◆ **Material provided**:
-=-=-=-=-
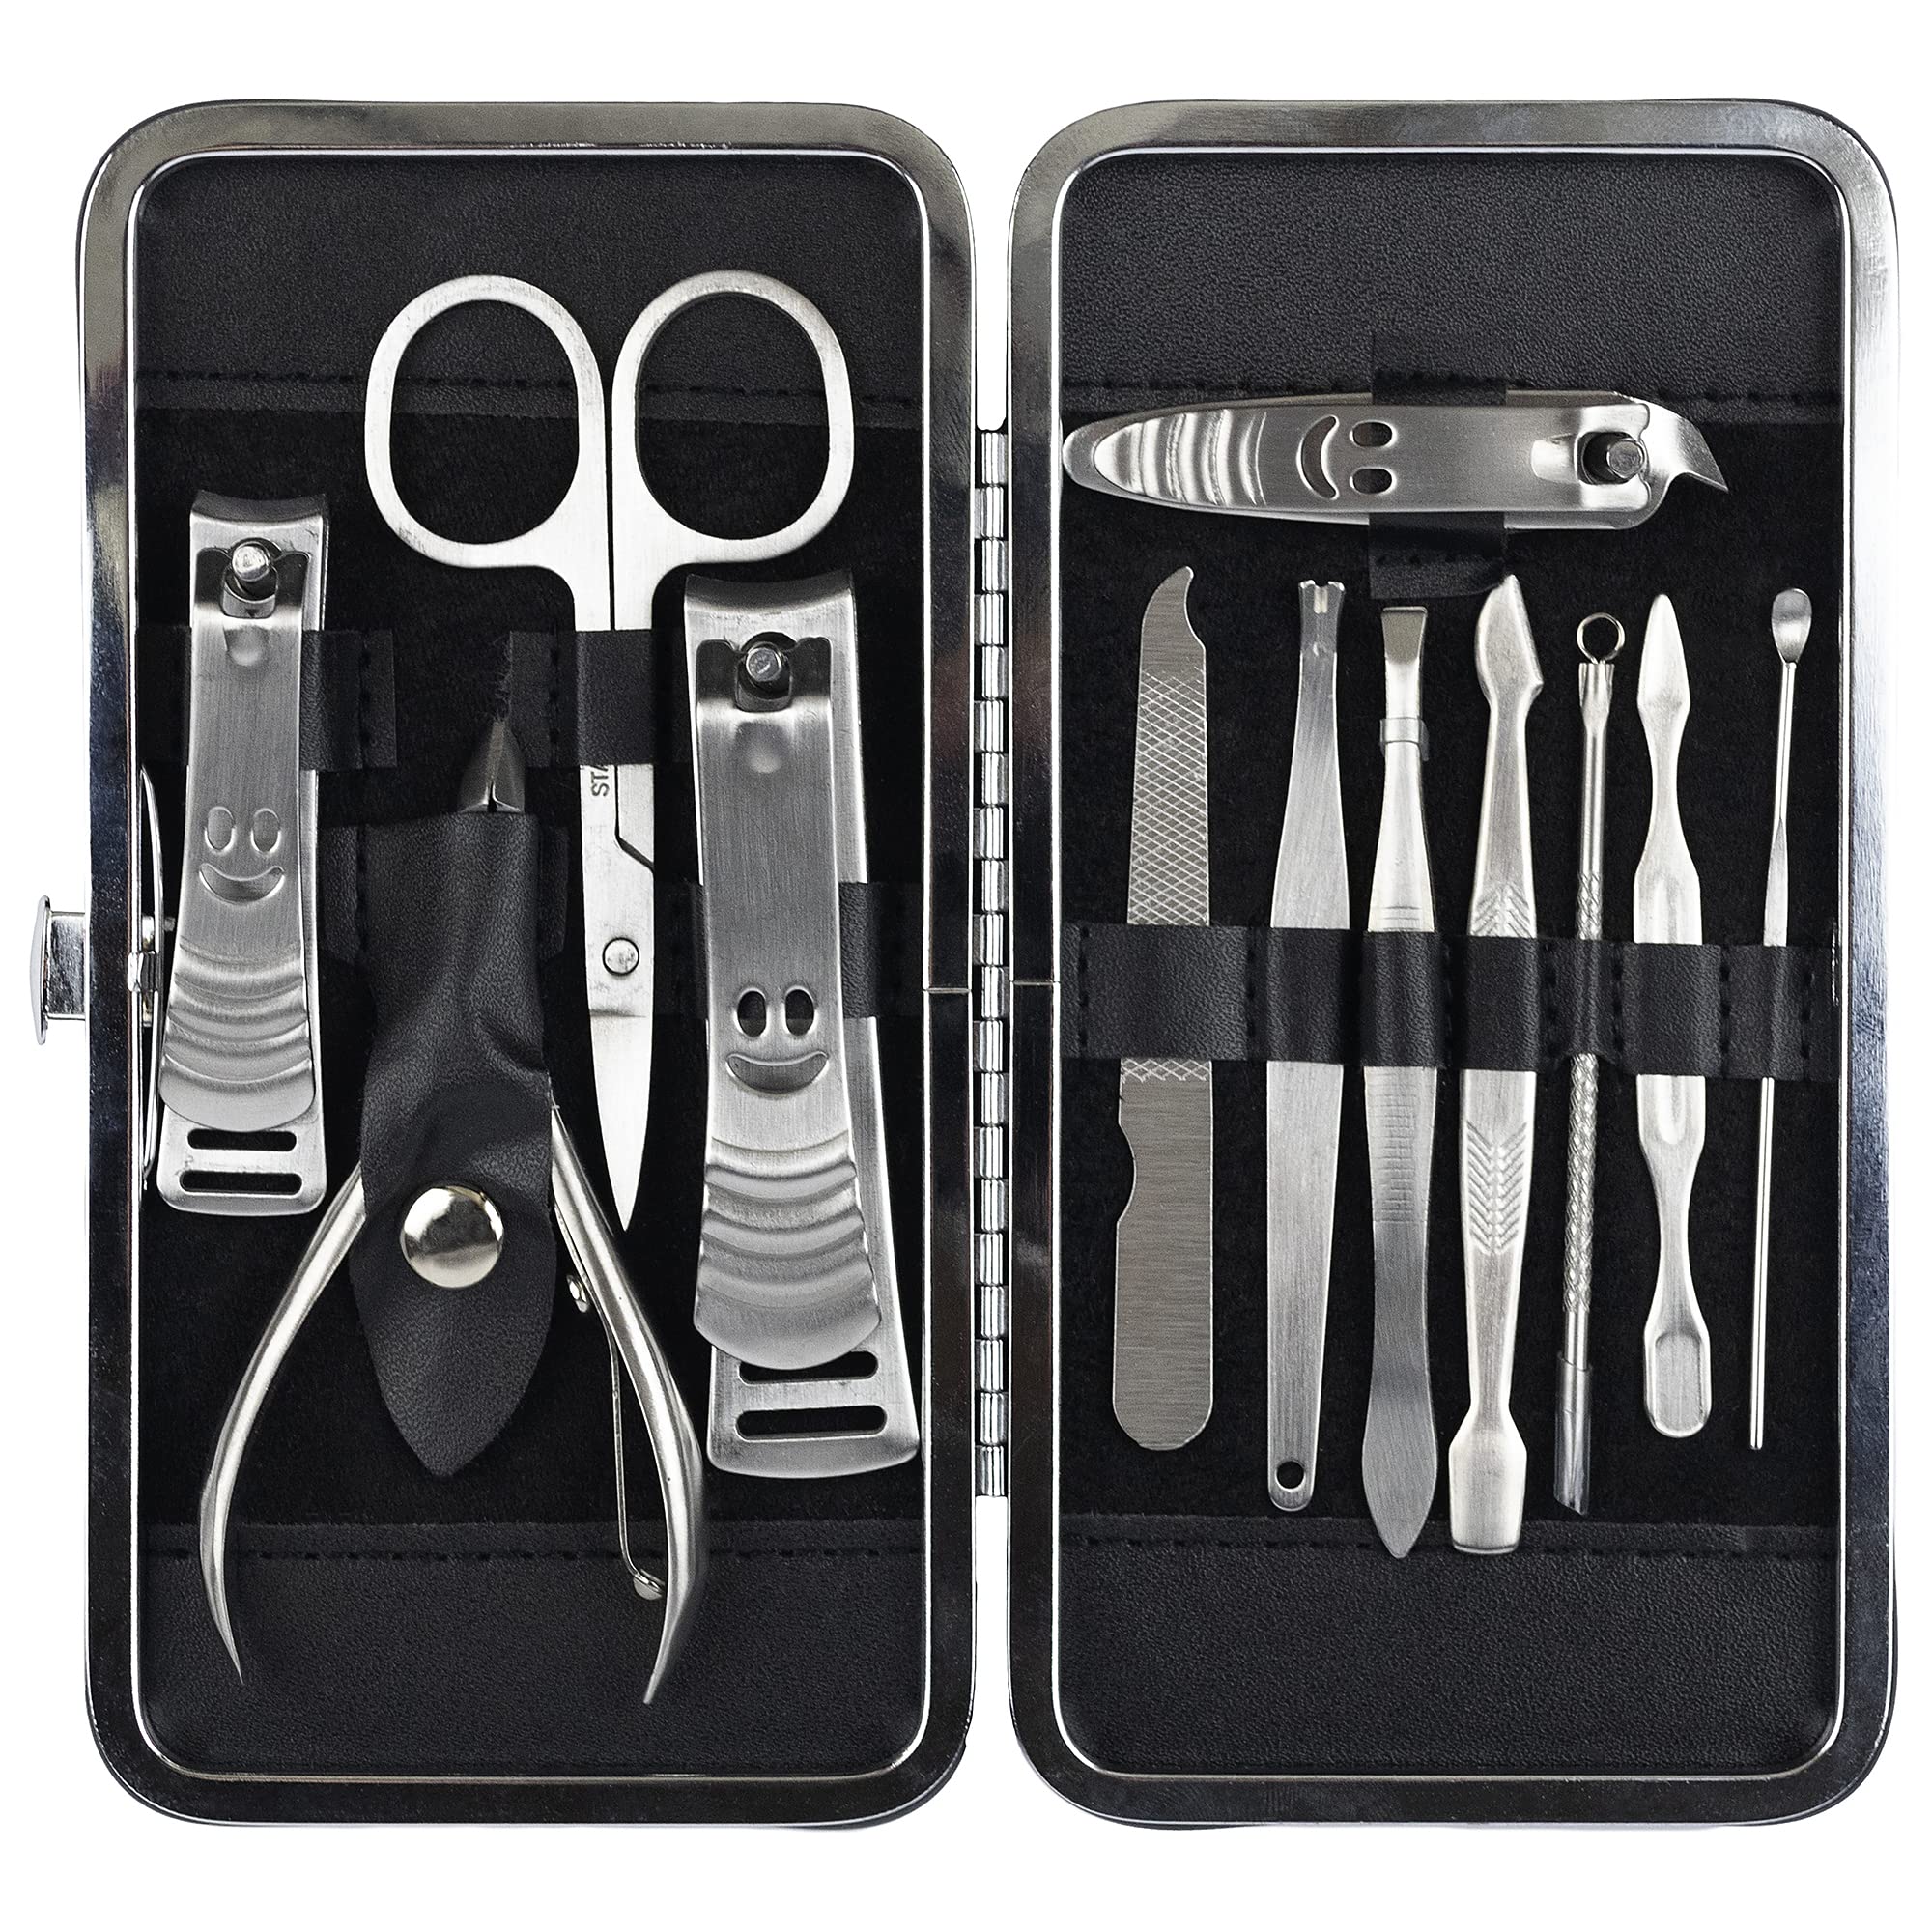 LaRoc Nail Care Manicure Set 12 Piece Professional Nail Clippers Kit Pedicure Care Tools-Stainless Steel Grooming Tools With PU Leather Case for Travel & Home
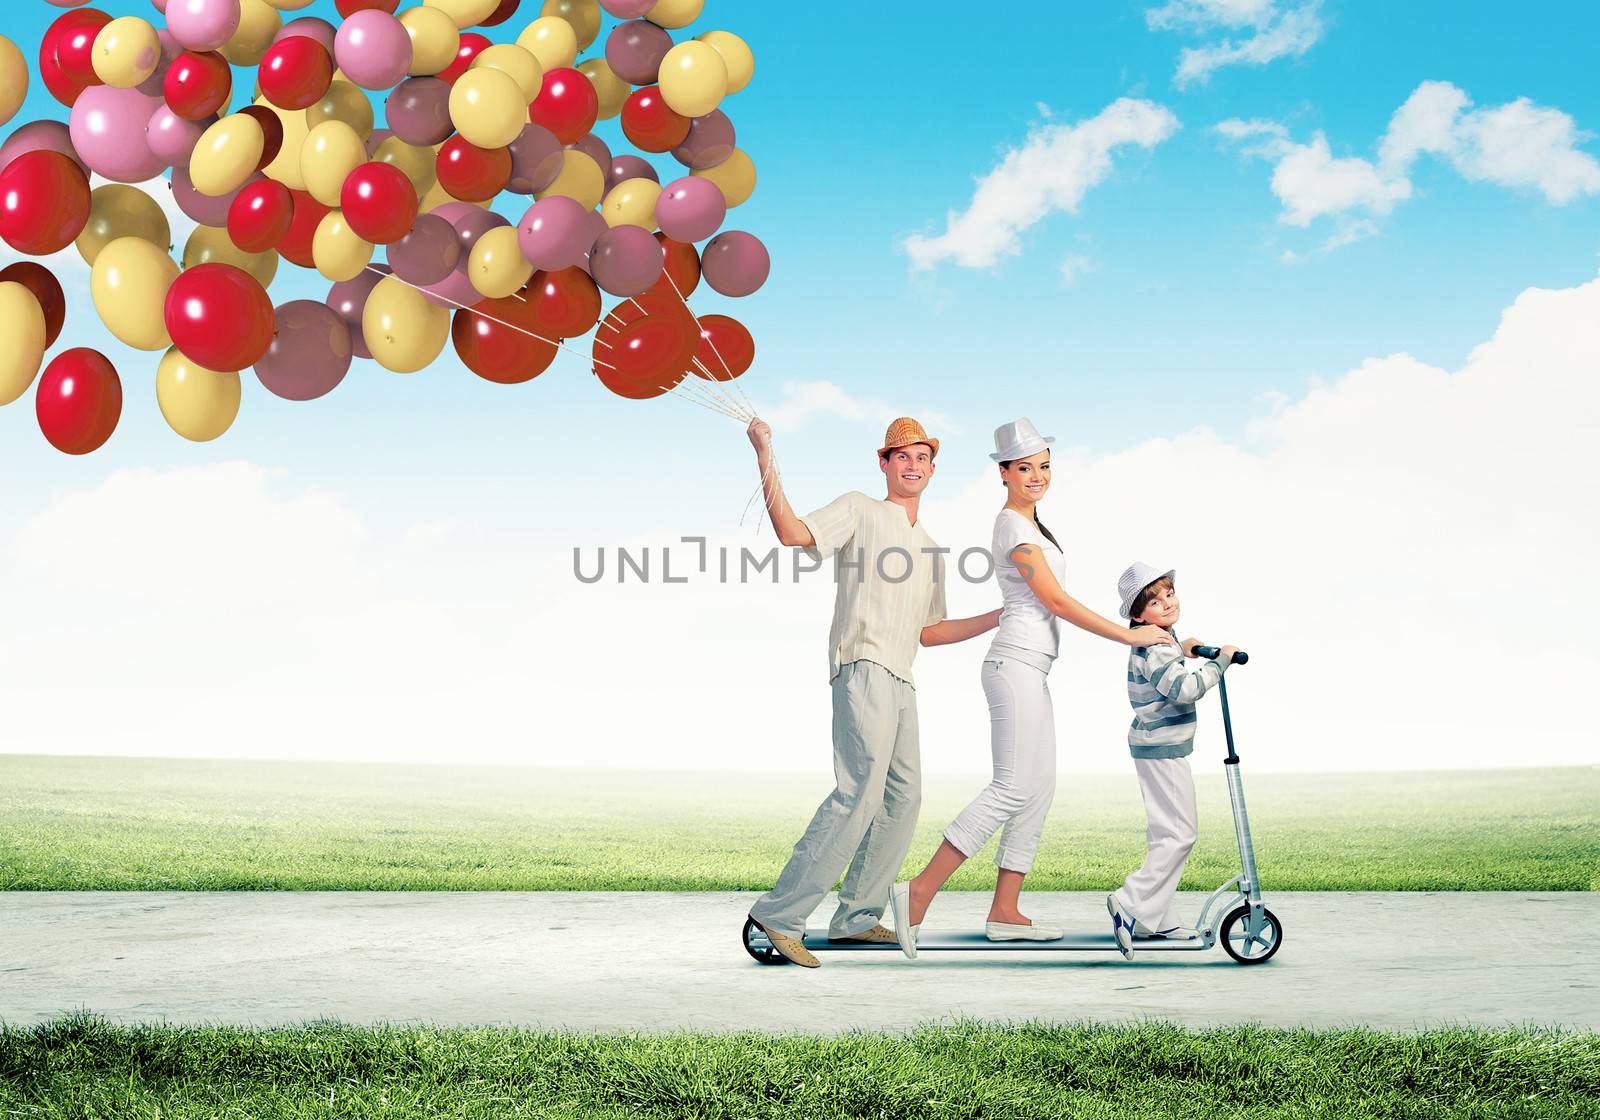 Image of happy young family riding on scooter pulling bunch of colorful balloons
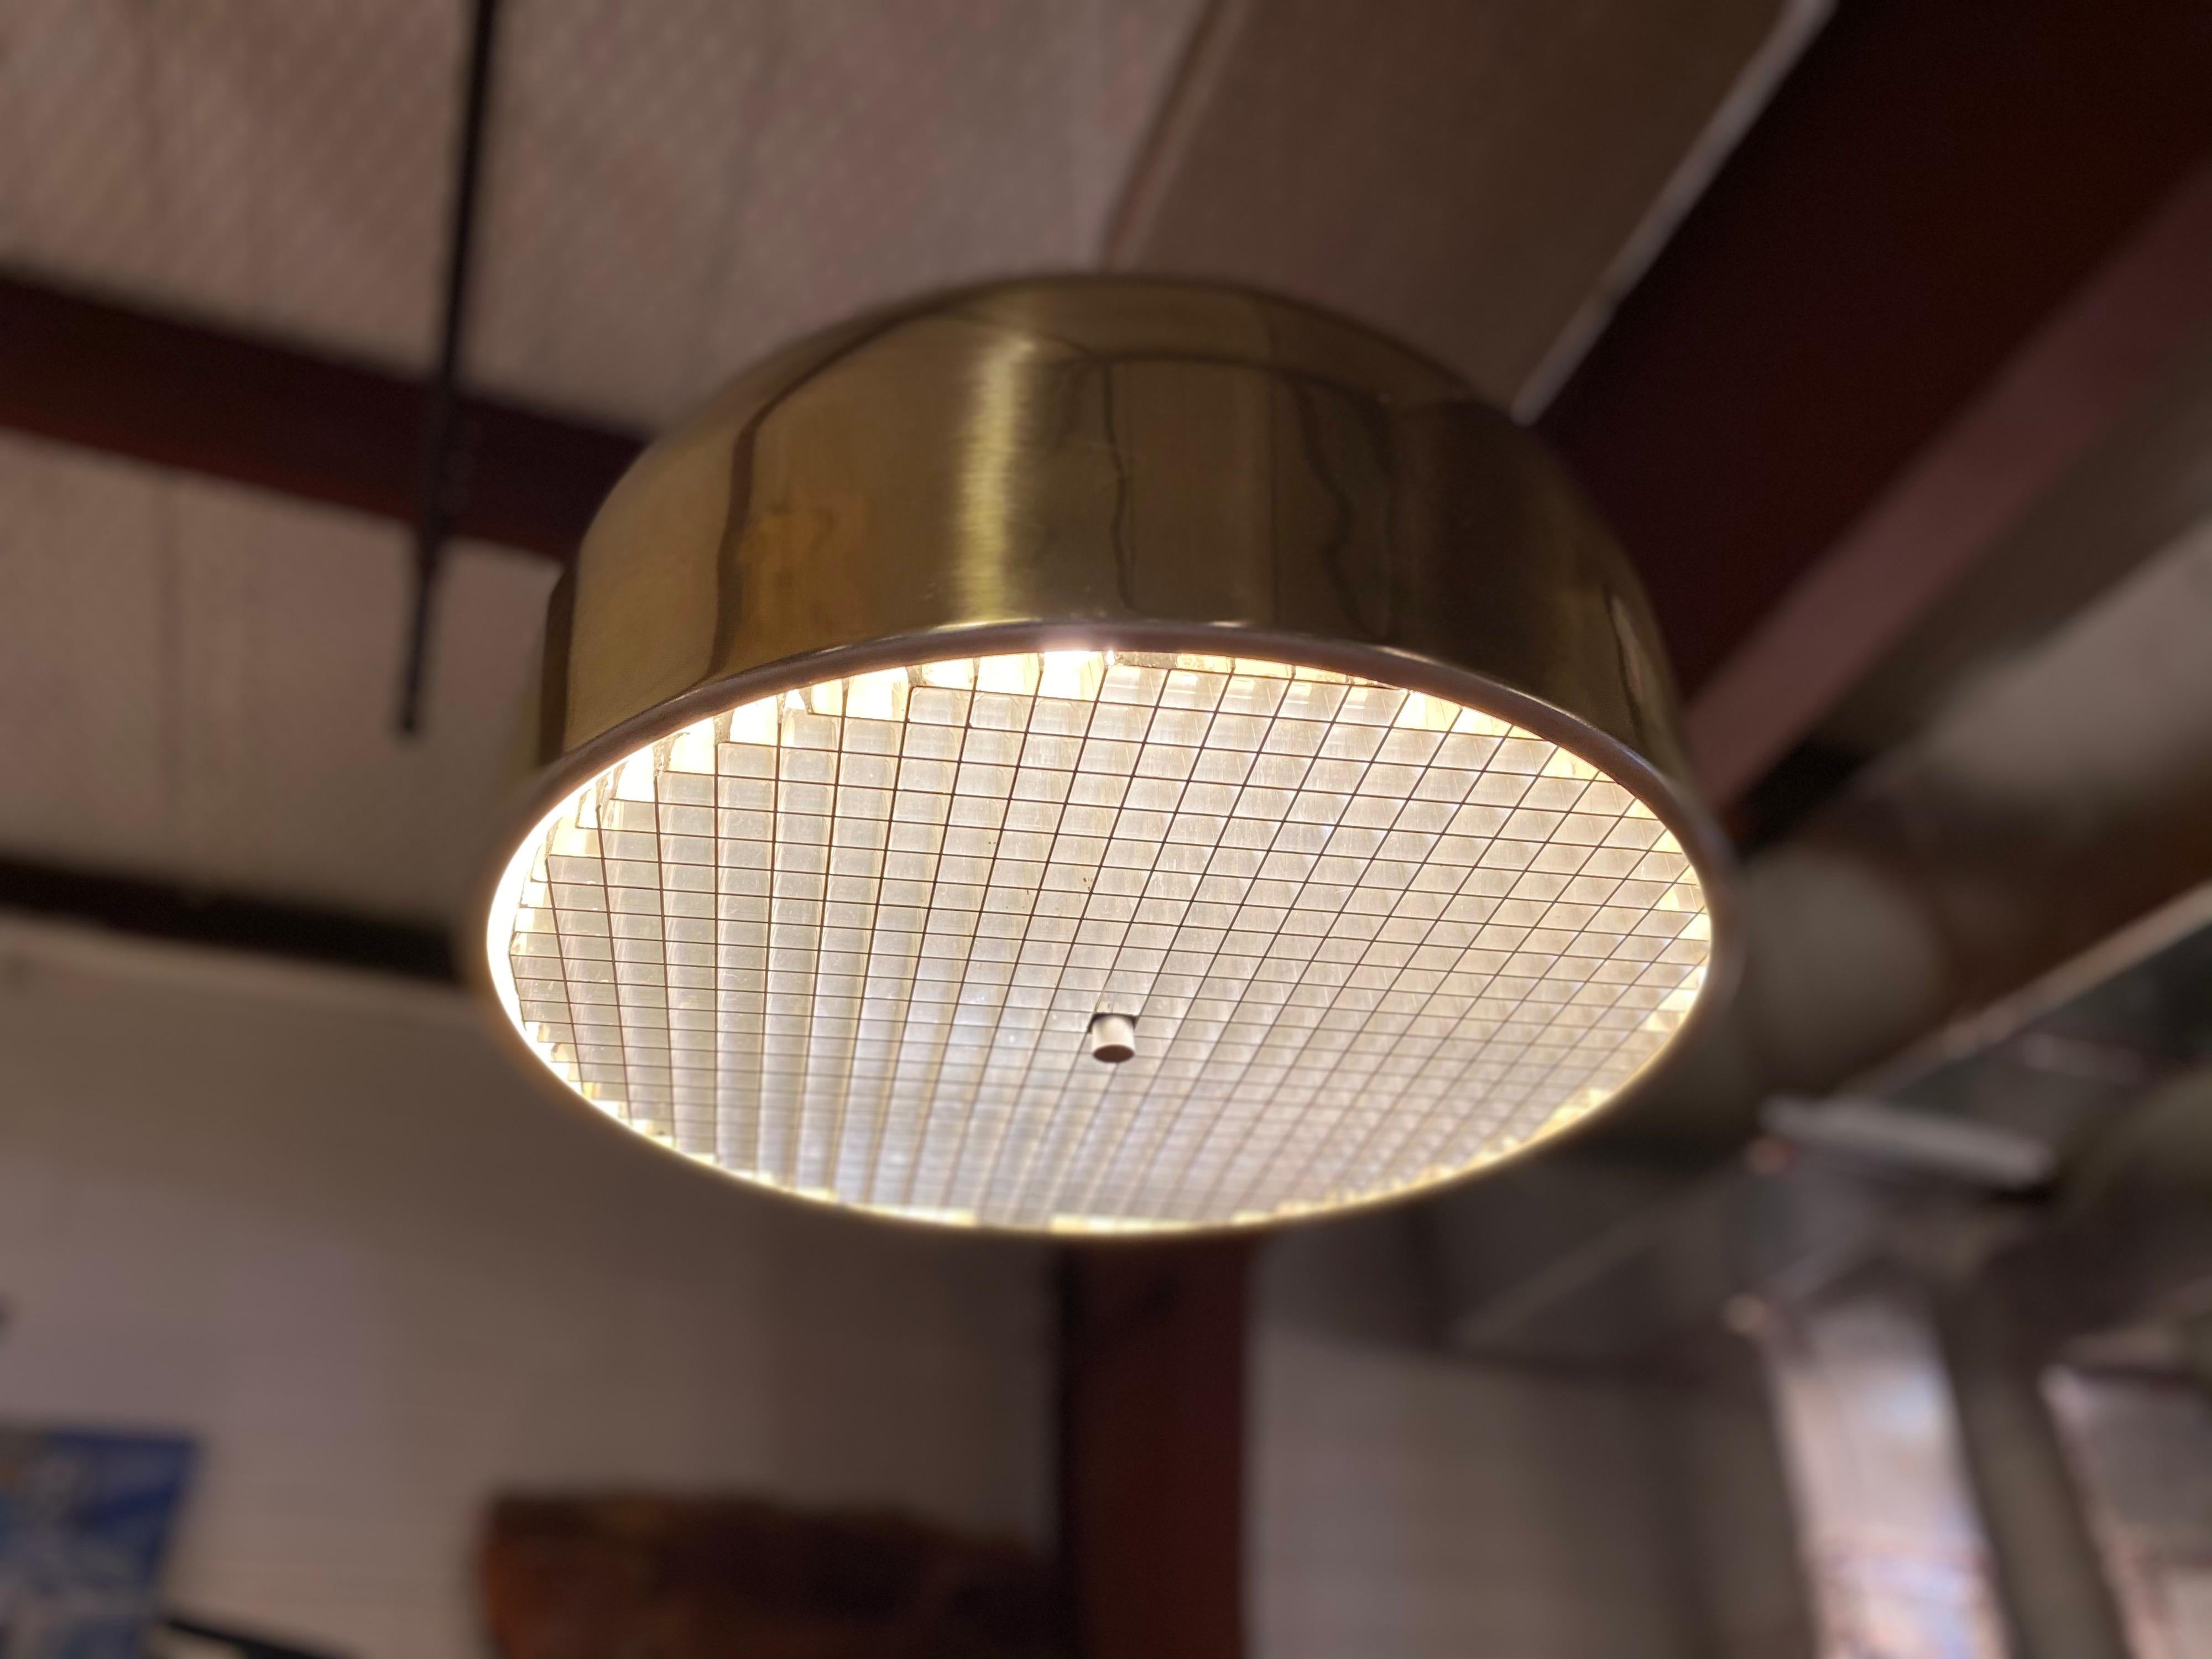 Beautiful pendant light by Lightolier made of brass and features a thick lens diffuser. This mid-century pendant light is in great overall condition.
-=-=-=-=-
◆ **Exercise requirements**:
Copy each line above exactly. Images do not belong in the copy.

◆ **Answer below**:
 LaRoc Nail Care Manicure Set 12 Piece Professional Nail Clippers Kit Pedicure Care Tools-Stainless Steel Grooming Tools With PU Leather Case for Travel & Home
 Image of happy young family riding on scooter pulling bunch of colorful balloons
 Beautiful pendant light by Lightolier made of brass and features a thick lens diffuser. This mid-century pendant light is in great overall condition.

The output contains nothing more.